At para 188 the proposals for requiring a “connection to the UK” were set out:
“We believe that applicants to the Scheme should have a defined connection to the UK. We propose to award compensation only to those who have been lawfully resident in the UK for at least six months at the time of the incident. We consider that a minimum requirement of 6 months’ residence demonstrates sufficient connection with UK society, such that it remains right that they should be eligible to claim under the Scheme. We propose this period – which is shorter than that for victims of terrorism overseas – to take into account the fact that the injury will have been sustained in Great Britain. The intention is that those in the UK in the short-term (i.e. less than 6 months) for whatever reason, will no longer be eligible.”
The responses to the consultation were reviewed in “Getting it right for victims and witnesses: the Government response” (July 2012). The Government concluded that the proposed requirement for residence for a six month period was too stringent and so substituted the requirement that an applicant for compensation should be ordinarily resident, thus demonstrating “an intention to develop and maintain a connection to the UK” (para 169).

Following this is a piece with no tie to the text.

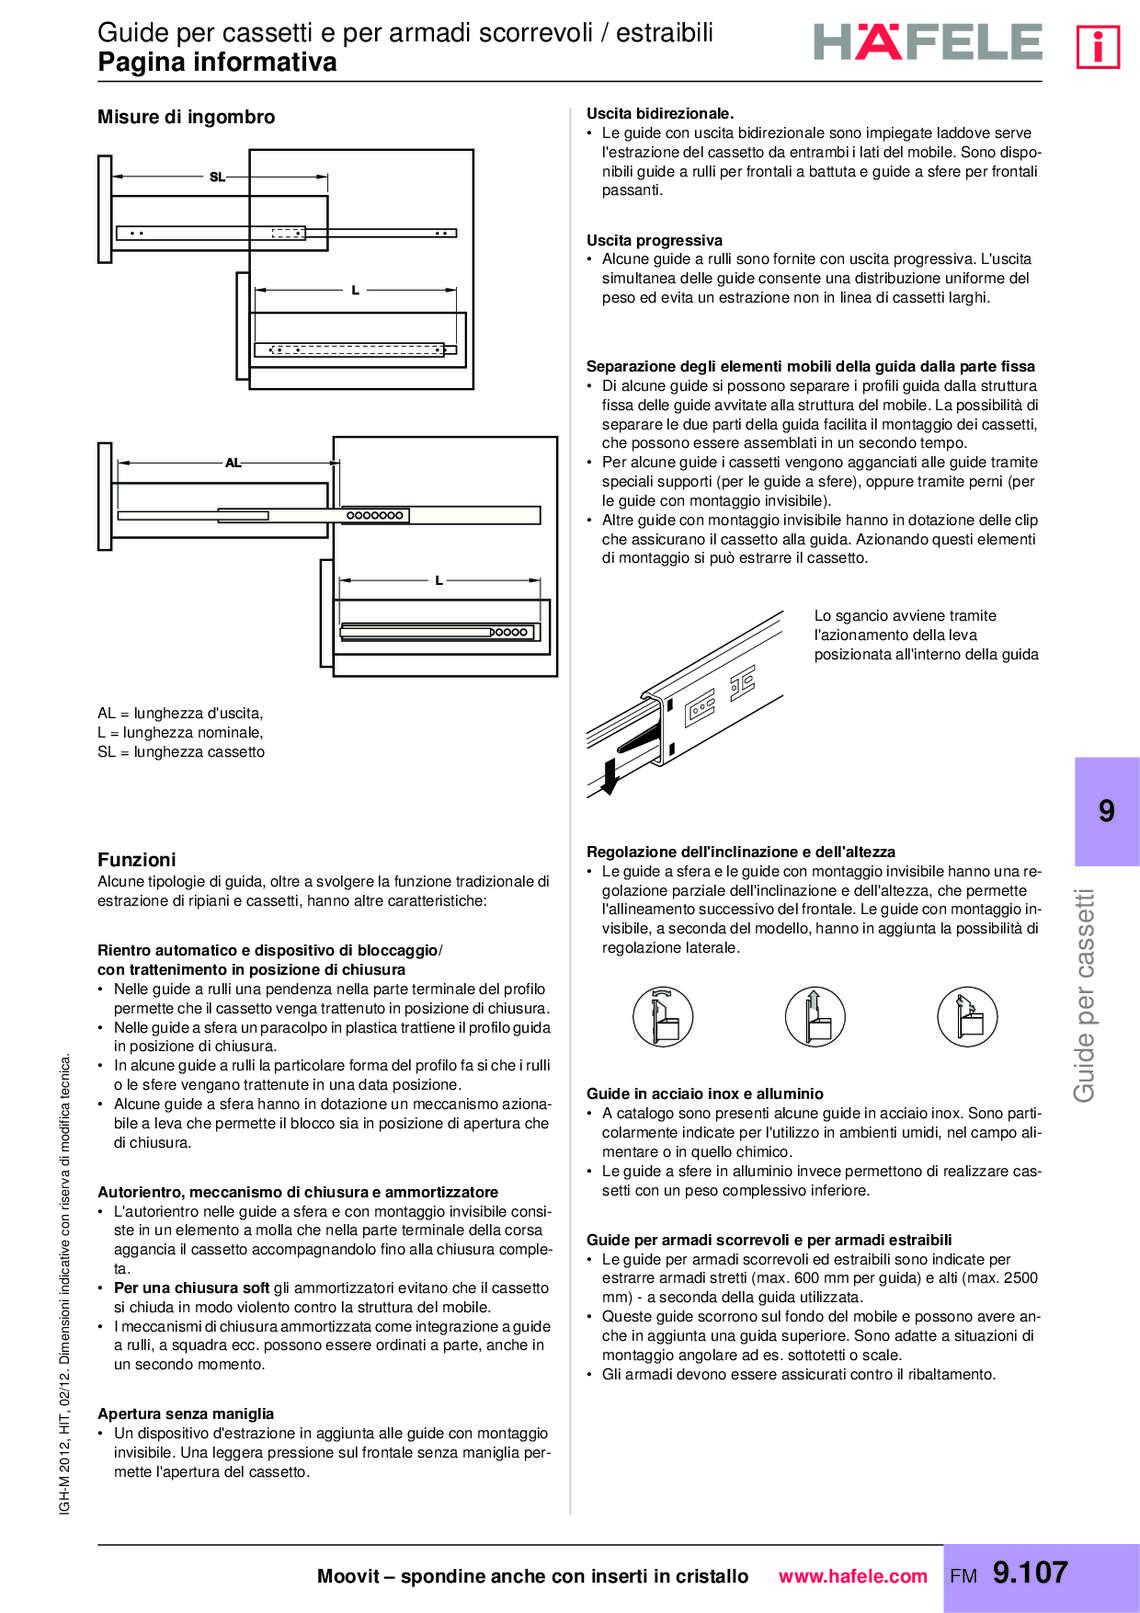 hafele-spondine-e-guide-per-mobili_40_154.jpg
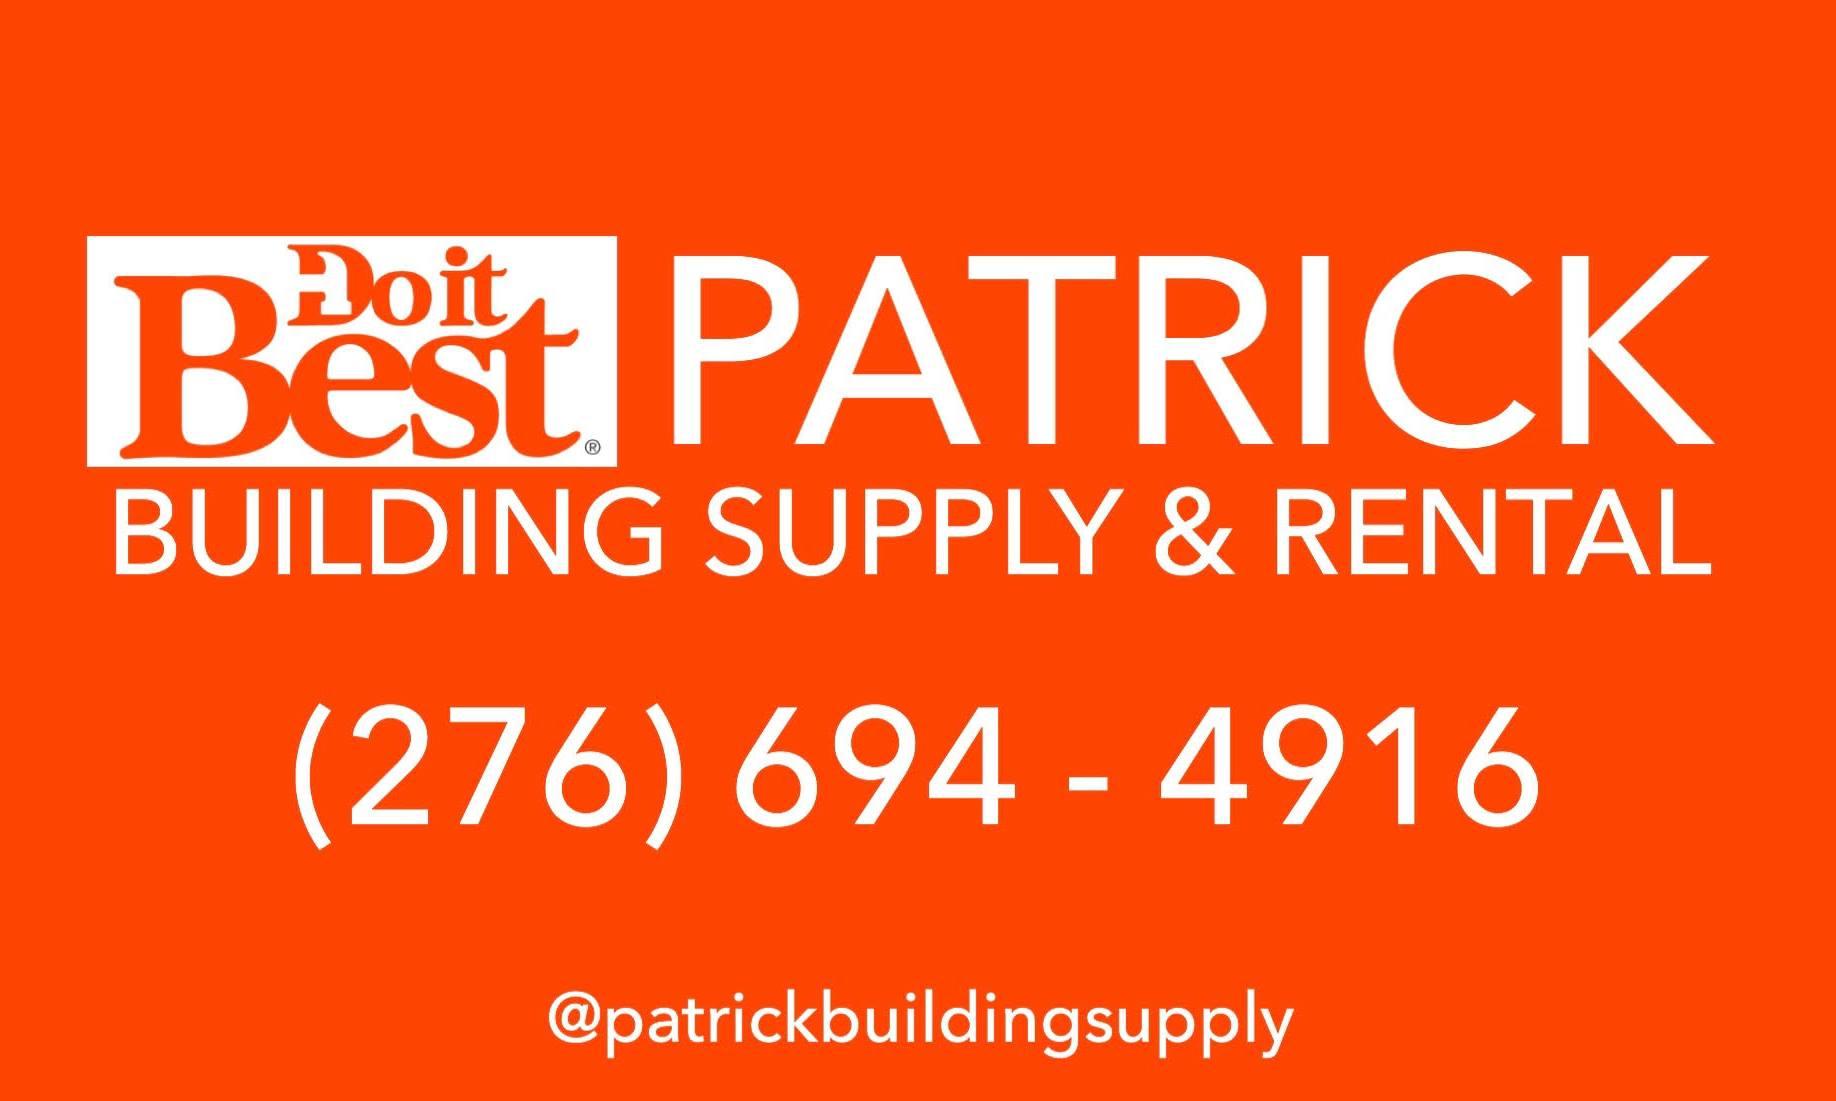 Patrick Building Supply

Equality impact assessments were published in connection with the Consultation Document in January 2021 and in connection with the revised proposals in July 2012. The former recorded that:
“106. In fatal cases, bereaved relatives who apply to the Scheme will need to meet the residency requirements in the same way as other applicants. However, we do not intend to apply the residence condition in respect of the deceased, so long, as now, that the incident giving rise to the claim takes place in Great Britain.
…
109. This proposal [i.e. the requirement for at least six months’ lawful residence] will adversely affect those foreign nationals who have not been lawfully resident in the UK for at least six months at the time of the incident or to whom we do not otherwise have an obligation … .”
The July 2012 Equality Impact Assessment noted at [80] that the revised proposals “will exclude visitors here on short term visas, including tourists, some students and non EU, EEA members who can not otherwise show they are resident at the time of the incident giving rise to the application.” At [96] the document acknowledges that restrictions on eligibility based on residency status could give rise to potential adverse effects in relation to the protected characteristic of race. It recorded that the change from the requirement for 6 months’ residence to that for ordinary residence would “exclude fewer people from the scheme while still maintaining the underlying policy of connection to the UK” and noted that any effects on non-British victims might be mitigated in part through access to NHS treatment and support services for victims of crime whilst in the UK. At [74] it recorded the position stated at [106] of the first EIA in respect of fatal cases. It does not suggest that fatal cases were among the equality issues raised during consultation and does not comment on them further (albeit the general move from requiring 6 months’ residence to requiring ordinary residence might help a small sub-category of bereaved would-be applicants.)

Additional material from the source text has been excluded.